Cómo mantenerte protegido de los efectos del calor

Salud y Bienestar 05 de noviembre de 2018 Por
HIDRATACIÓN. Hay que tomar agua sin esperar a tener sed.Tomar más líquido, evitar comidas abundantes y no exponerse al sol.
000228619W

¿Sabías que cuando tenemos sed nuestro organismo ya ha comenzado a estar deshidratado? El agua es el principal componente del cuerpo humano y constituye el 70 por ciento del peso corporal total. Esta cantidad total depende de múltiples factores entre los que se encuentran la edad o el volumen de grasa que hay en el cuerpo.

Cuando la temperatura supera los 30 grados, como ya está ocurriendo en nuestra provincia, es necesario poner en marcha una serie de recomendaciones para mantenernos protegidos y evitar la deshidratación y el golpe de calor. Ante ello, el Ministerio de Salud difundió una serie de recomendaciones.

Para empezar vale la pena aclarar esta diferencia:

- La deshidratación: aparece cuando aumenta la pérdida de líquido del cuerpo a través de la transpiración. Si perdemos más del 10% de agua, se producen cuadros graves. No se detecta desde su inicio, sino que comienza a manifestar sus síntomas pasado un cierto tiempo cuando ya causó daños en órganos importantes como el hígado, riñón o piel. Es mucho mejor prevenirla que atacarla.

- El golpe de calor: se debe a una incapacidad del organismo para disipar el calor acumulado. Se caracteriza por la fiebre alta y cambios como irritabilidad, conducta extraña, agresividad, alucinaciones, pérdida de conocimiento y coma. Sus síntomas son dolor de cabeza, vértigos, náuseas, confusión, convulsiones y pérdida de conciencia, piel enrojecida, caliente y seca, respiración y pulso débil, y elevada temperatura corporal (entre 41 y 42 grados).
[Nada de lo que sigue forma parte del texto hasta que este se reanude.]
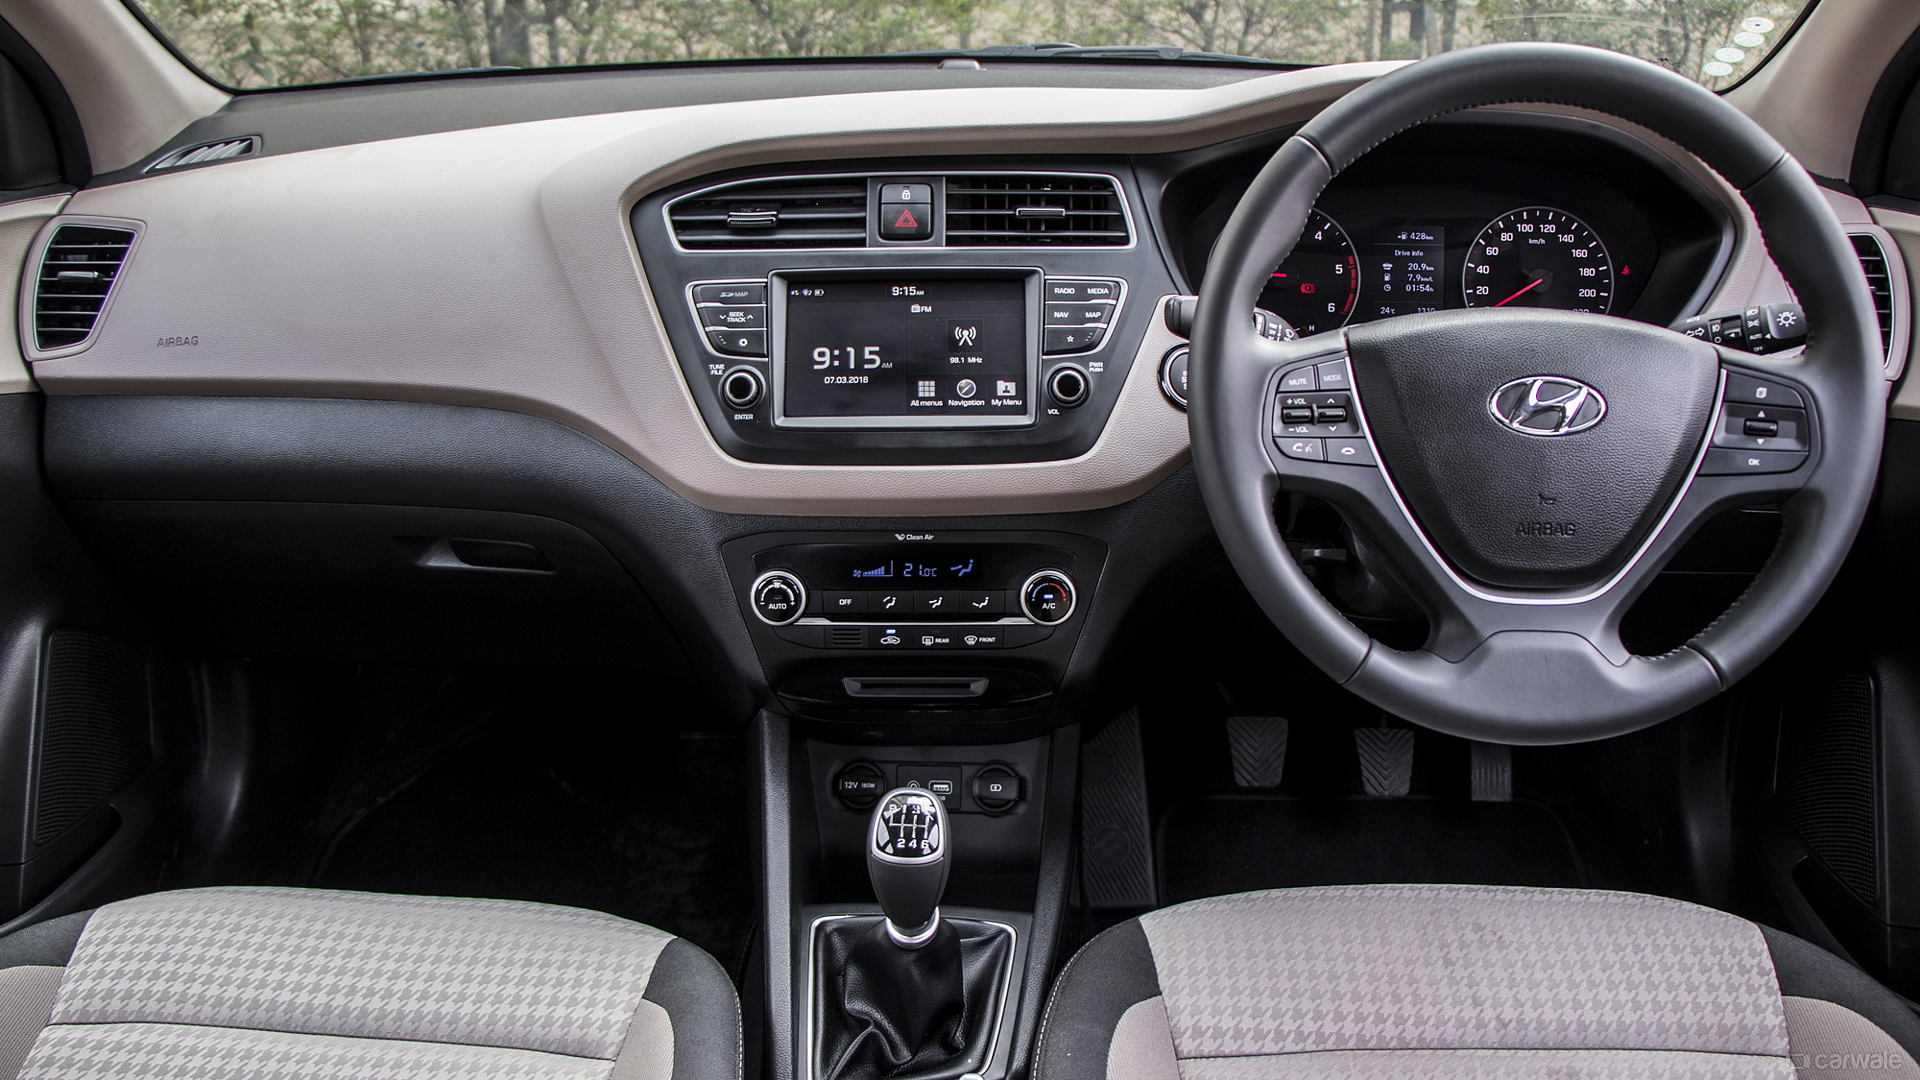 Interior Image, Hyundai Elite i20 Photo - CarWale

Los expertos recomiendan que ante estos síntomas se suspendan las actividades que se estén realizando, sobre todo, si implican esfuerzo físico. Hay que trasladar al afectado a la sombra, a un lugar fresco y tranquilo. Hacer que mantenga la cabeza un poco alta y las piernas arriba. Intentar refrescarlo mojándole la ropa, aplicarle hielo en la cabeza, darle de beber agua fresca o un poco salada, y solicitar ayuda médica.

Lo más importante es que los golpes de calor y la deshidratación se pueden prevenir. Hay que tener especial cuidado con los niños y los ancianos, los más vulnerables frente a estos cuadro que, en casos extremos, pueden provocar desvanecimientos y pérdida de conciencia.

Para evitar los efectos del intenso calor, Salud recomienda: aumentar el consumo de líquidos sin esperar a tener sed.